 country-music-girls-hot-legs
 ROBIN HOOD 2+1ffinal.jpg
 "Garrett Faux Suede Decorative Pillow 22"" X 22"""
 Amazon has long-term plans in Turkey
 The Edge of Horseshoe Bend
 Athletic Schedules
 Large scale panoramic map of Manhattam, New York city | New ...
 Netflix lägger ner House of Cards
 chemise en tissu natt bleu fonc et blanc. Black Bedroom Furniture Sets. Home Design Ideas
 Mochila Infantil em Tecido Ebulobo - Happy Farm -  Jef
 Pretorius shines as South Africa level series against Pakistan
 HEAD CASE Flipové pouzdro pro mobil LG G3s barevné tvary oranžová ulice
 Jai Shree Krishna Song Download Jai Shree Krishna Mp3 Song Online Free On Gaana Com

* What you will do
Write the data above out again in full, exactly.

* Answer space
 country-music-girls-hot-legs
 ROBIN HOOD 2+1ffinal.jpg
 "Garrett Faux Suede Decorative Pillow 22"" X 22"""
 Amazon has long-term plans in Turkey
 The Edge of Horseshoe Bend
 Athletic Schedules
 Large scale panoramic map of Manhattam, New York city | New ...
 Netflix lägger ner House of Cards
 chemise en tissu natt bleu fonc et blanc. Black Bedroom Furniture Sets. Home Design Ideas
 Mochila Infantil em Tecido Ebulobo - Happy Farm -  Jef
 Pretorius shines as South Africa level series against Pakistan
 HEAD CASE Flipové pouzdro pro mobil LG G3s barevné tvary oranžová ulice
 Jai Shree Krishna Song Download Jai Shree Krishna Mp3 Song Online Free On Gaana Com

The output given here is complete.